Entre parenthèses, c’est exactement la perspective de l’Islam aujourd’hui. C’est la perspective missionnaire qu’a eue, à certaines époques, notre Eglise. Et nous l’avons peut-être encore dans la tête, cette perspective missionnaire. Avec, au centre, le Christ, lumière du monde, et, dans sa lumière, l’Eglise, nous qui avons la connaissance de la vérité de Jésus Sauveur, puis, environnant de toutes part ce premier cercle, les ténèbres où sont plongés tous ceux qui ne partagent pas notre foi. Tous ceux qui ont d’autres cultures, tous ceux qui ont d’autres manières de voir les choses, d’autres idéologies, croyants d’autres religions ou athées, bref, les ténèbres. Mais Jésus, il est pour nous, et notre attitude missionnaire, si nous n’y prenons pas garde, consiste à « pêcher à la ligne » ceux qu’il s’agit de faire entrer dans l’Eglise. L’Eglise qui rassemble ou excommunie. L’Eglise qui est comme « un sel blanc et propre qu’on entasse dans la cave, comme le levain qu’on ne mélange pas à la pâte ».

 Ouverture

Mais si le Christ est « lumière du monde », il n’est pas une lumière qui brillerait ici, pour nous, et dont les autres seraient exclus. Il est lumière pour tous, y compris dans les ténèbres de ce monde. Et donc l’Eglise n’est pas une Eglise-ghetto, fermée sur elle-même. Nos paroisses ne sont pas des petites cellules closes (car c’est le même problème pour nos paroisses). L’Eglise est disséminée, comme des points de lumière sur notre terre. « La où est le Christ, là est l’Eglise » : c’est un adage constant dans l’Eglise. Il est partout dans le monde d’aujourd’hui : auprès des gens de cultures différentes, de races différentes, d’idéologies différentes ; il est avec les bouddhistes aussi bien qu’avec les athées. Il est « pour le monde », pour le salut du monde entier. Et nous, nous sommes disséminés dans ce monde, qui est pluraliste au possible. Nous avons simplement à accueillir les gens, pas pour les faire entrer, mais pour accueillir leurs valeurs et leurs contre-valeurs, pour les accueillir tels qu’ils sont , là où ils sont, pour ce qu’ils sont. 
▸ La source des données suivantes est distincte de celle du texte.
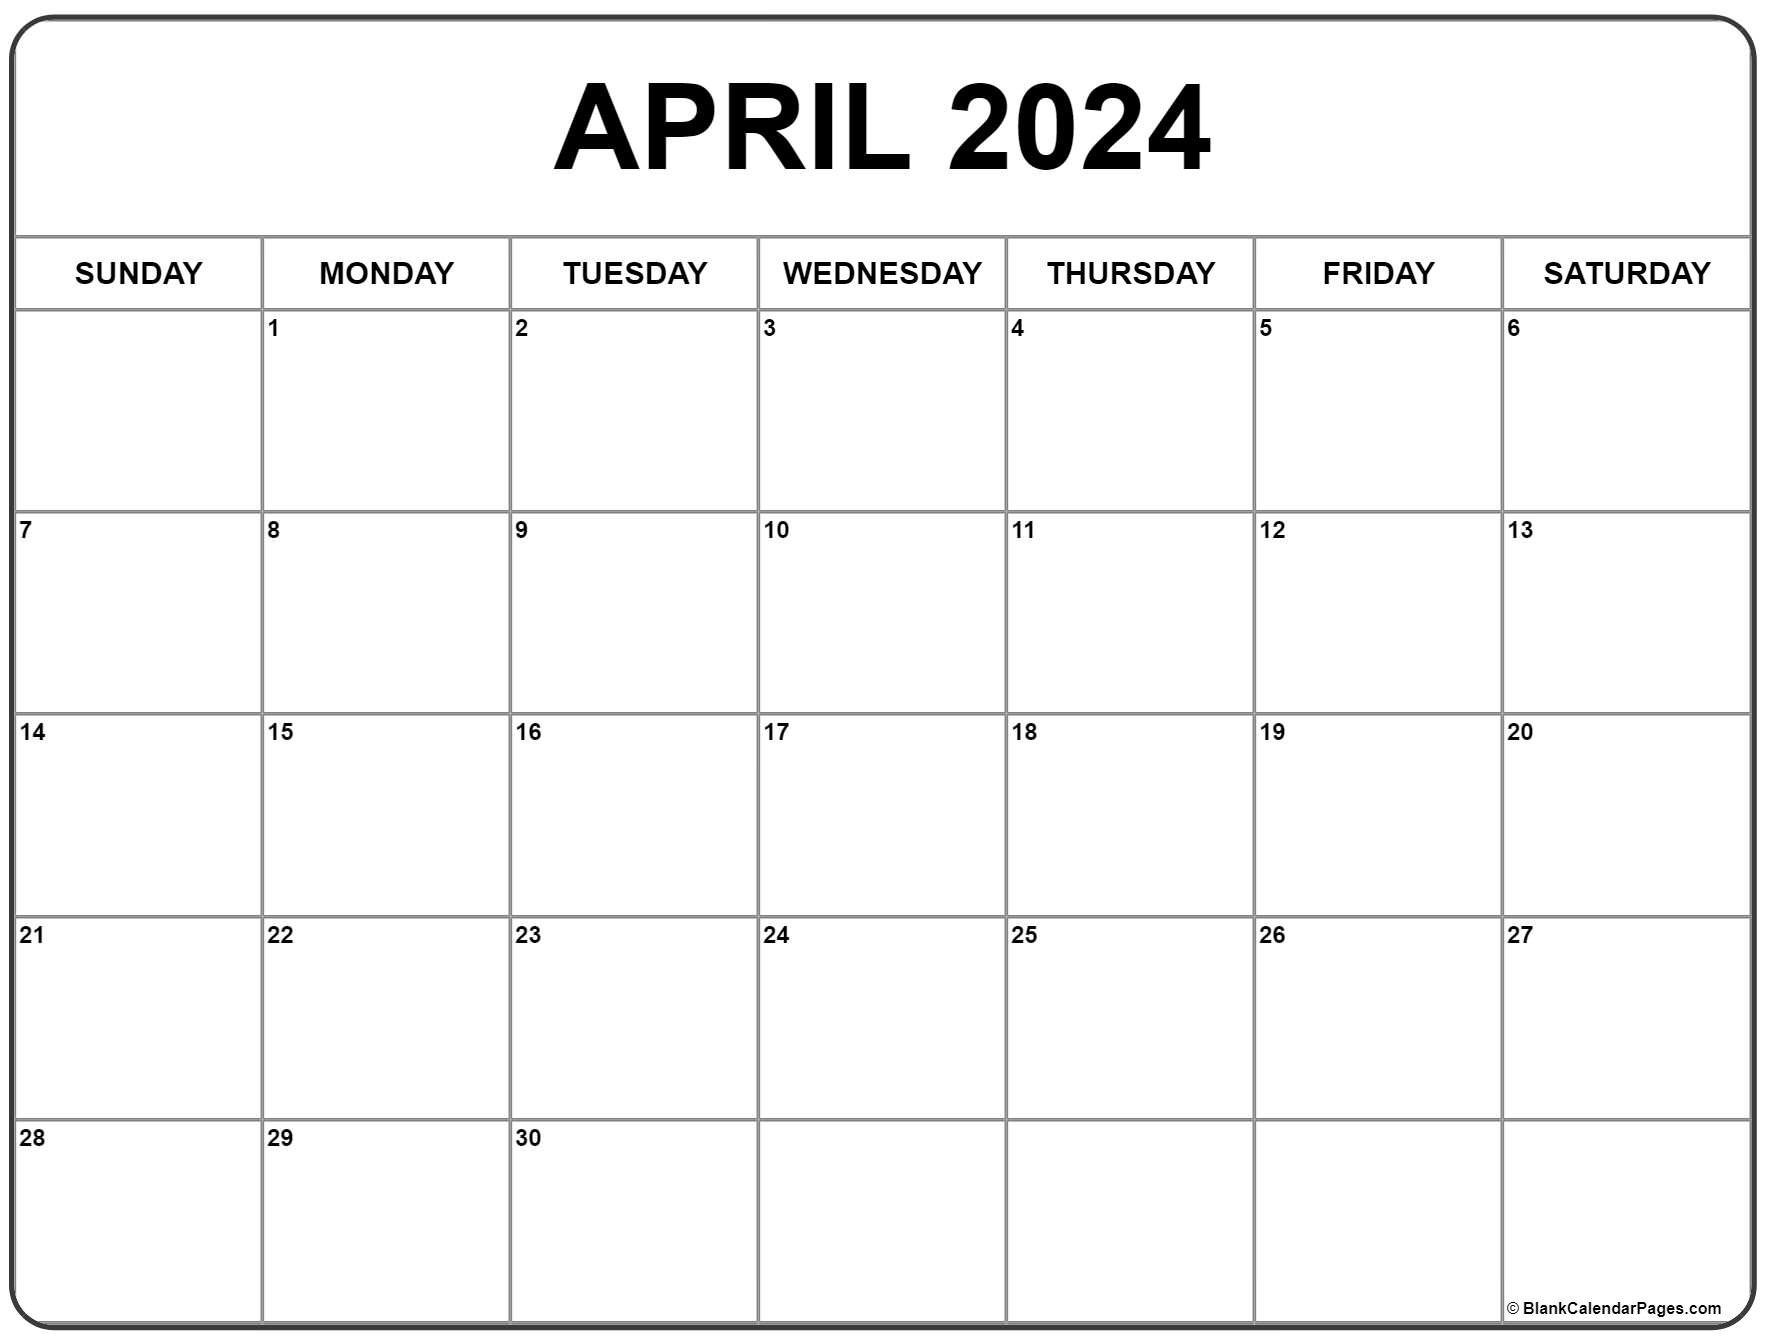 April 2024 Calendar | Free Printable Calendar for Printable Calendar April And May 2024

Cela change beaucoup de choses, dans nos attitudes de chrétiens. Nous n’allons jamais vivre repliés sur nous, comme dans un ghetto, en pensant aux autres comme ceux qui sont dans les ténèbres, nous seuls ayant la vérité. Mais, là où nous sommes, c’est-à-dire dans notre profession, dans notre famille, dans notre quartier, nous avons à être un peu reflets de cette lumière qu’est le Christ. Humblement, sans vouloir être les gens qui ont la réponse à toutes les interrogations, les gens qui savent tout. Dans ce monde, encore une fois, pluraliste, nous avons à nous situer, non dans une Eglise-refuge, mais au milieu des hommes, comme reflets humbles et discrets de la Lumière qu’est le Christ.

 Dieu dé-routant

Il y a dans la Didachè, un texte liturgique qui date du début du IIe siècle, une très belle expression. Elle exprime parfaitement ce dont je voudrais vous convaincre. Sur le pain rompu, le prêtre dit : « Comme ces grains de blé, autrefois disséminés sur les collines, ont été recueillis pour ne faire qu’un seul pain, rassemble ainsi ton Eglise des extrémités de la terre dans ton Royaume ».

L’Eglise, aujourd’hui, est disséminée dans le monde. Ce n’est qu’à la fin que viendra le rassemblement final. Aujourd’hui, nous sommes rassemblés, mais ensuite, nous repartons. Jérusalem n’est plus point de convergence, mais point de passage. Bethléem, l’enfant, nous renvoient par un autre chemin, parce que Dieu est, au sens littéral du terme, « dé-routant ». Nous sommes renvoyés à notre vie quotidienne. Nous sommes renvoyés à nos frères. Sachons vivre tous les jours dans cette perspective.